**Supplied data:**
++++++++++
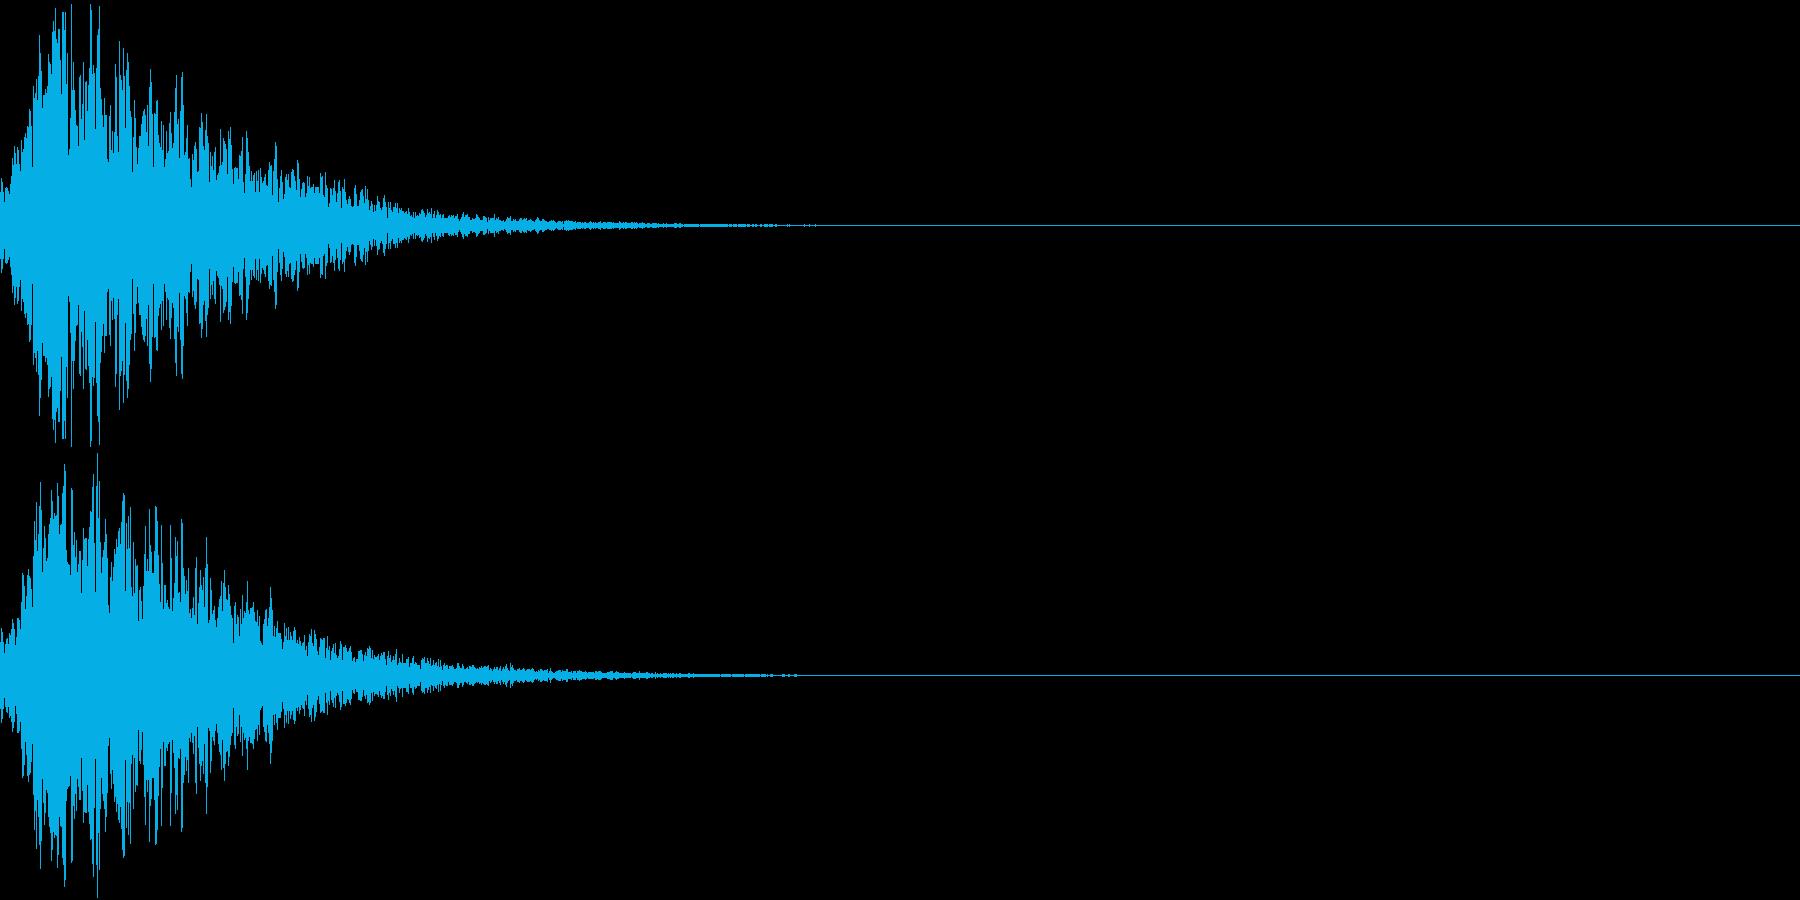 キュイン 光 ピカーン フラッシュ 13の再生済みの波形
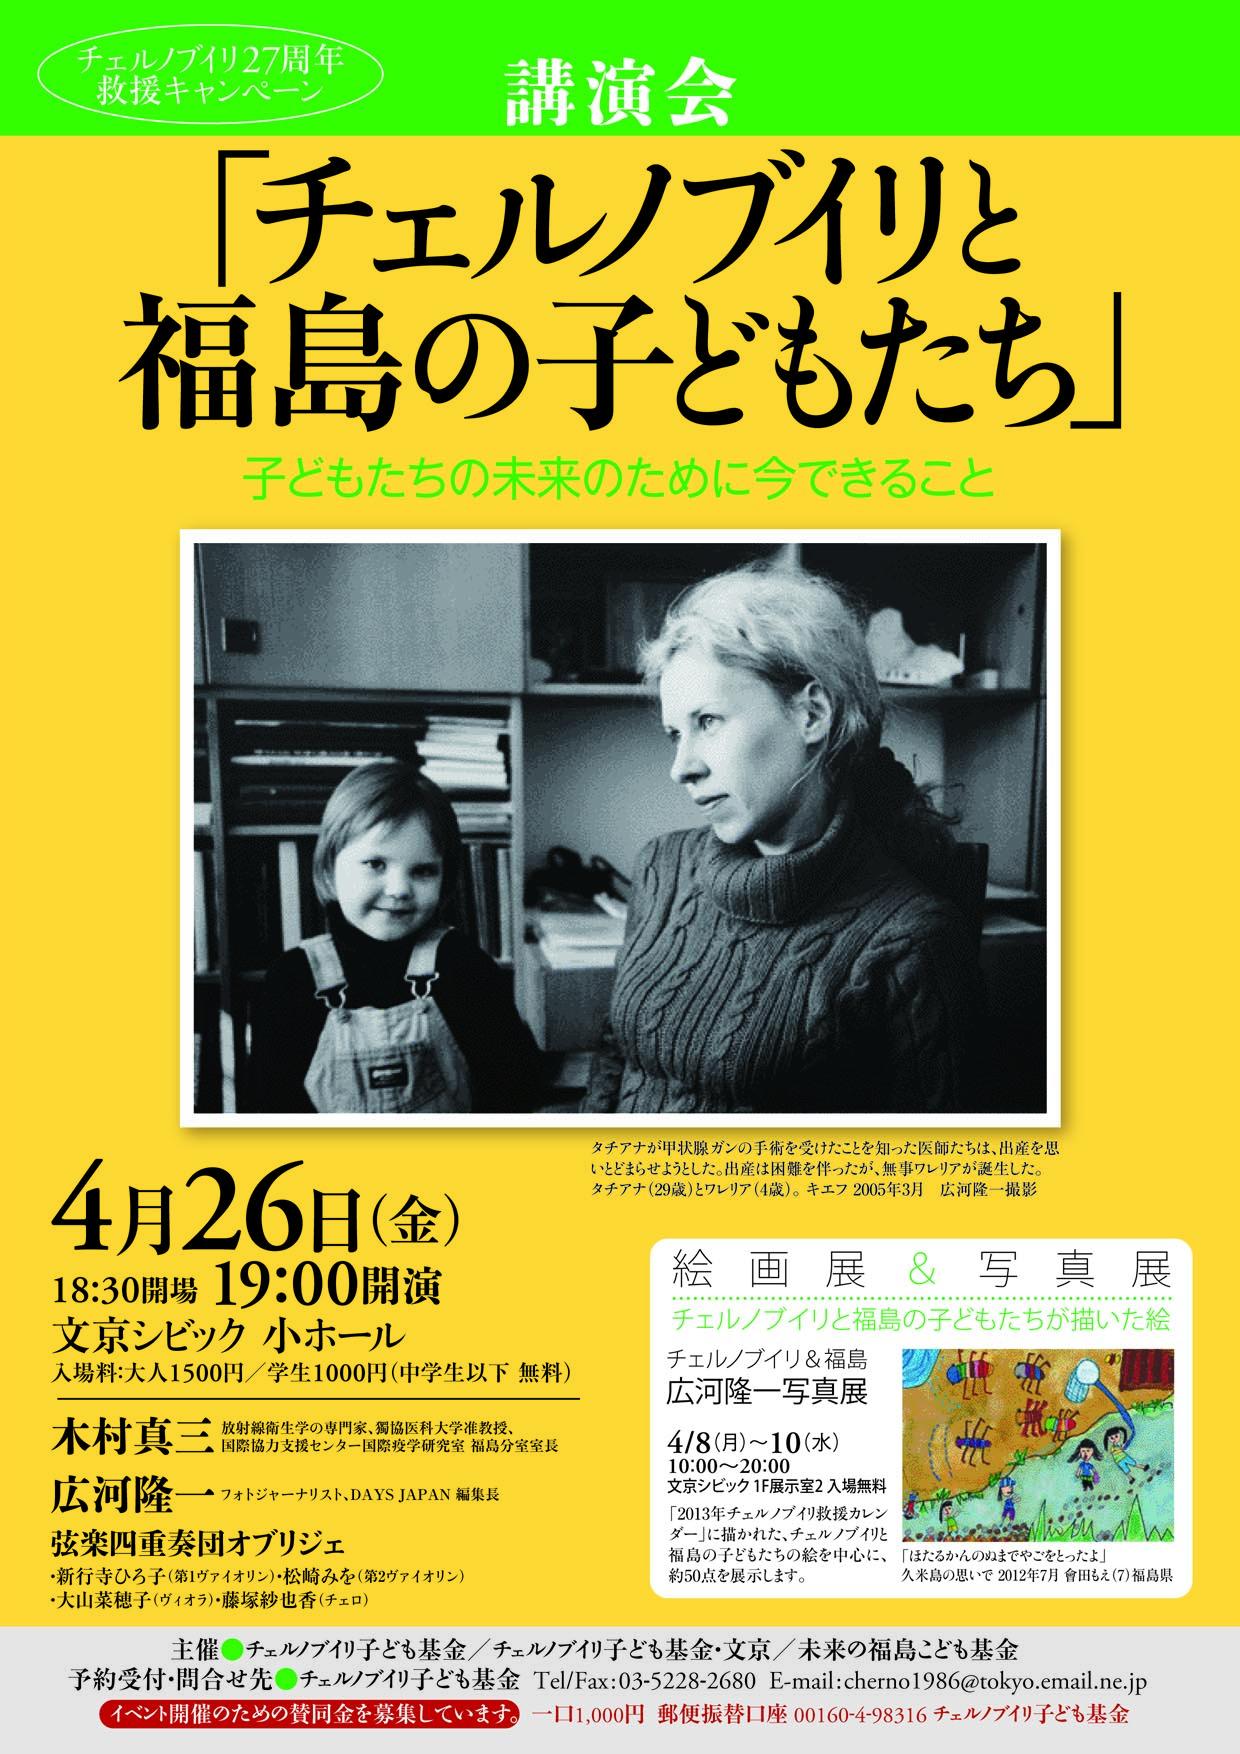 講演「チェルノブイリと福島の子どもたち」
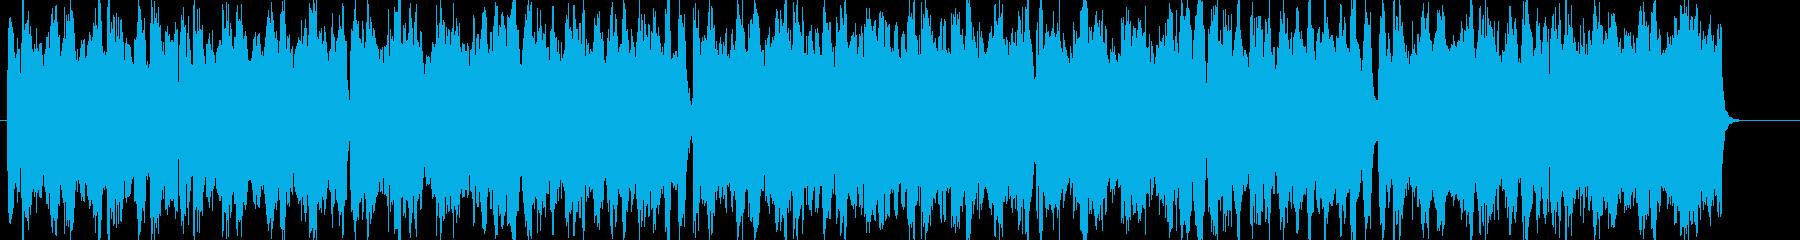 組曲「惑星」より「ジュピター」オーケスラの再生済みの波形
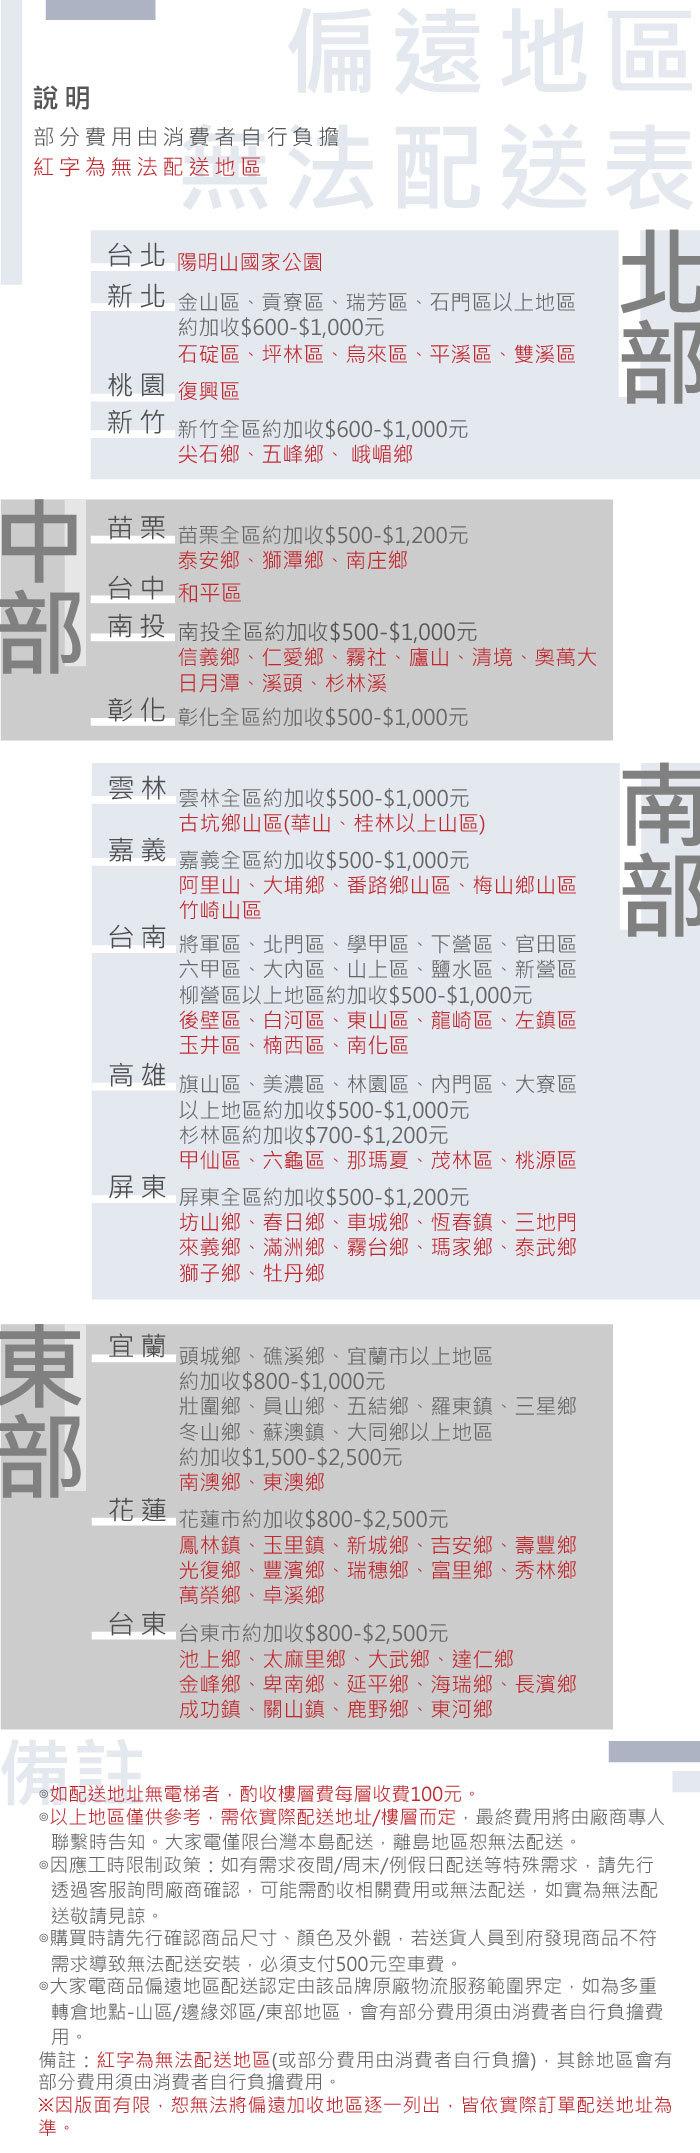 Mitsubishi 三菱 MR-JX53C/MR-JX53C-N-C 冰箱 六門 變頻 日本原裝
++++++++++
**What you are asked to do:**
All pictures should be dropped; the lines from the one containing "講演「チェルノブイリと福島の子どもたち」" through the last line of the material are to be set down exactly.

**Answer to this exercise:**
 講演「チェルノブイリと福島の子どもたち」
 組曲「惑星」より「ジュピター」オーケスラの再生済みの波形
 Mitsubishi 三菱 MR-JX53C/MR-JX53C-N-C 冰箱 六門 變頻 日本原裝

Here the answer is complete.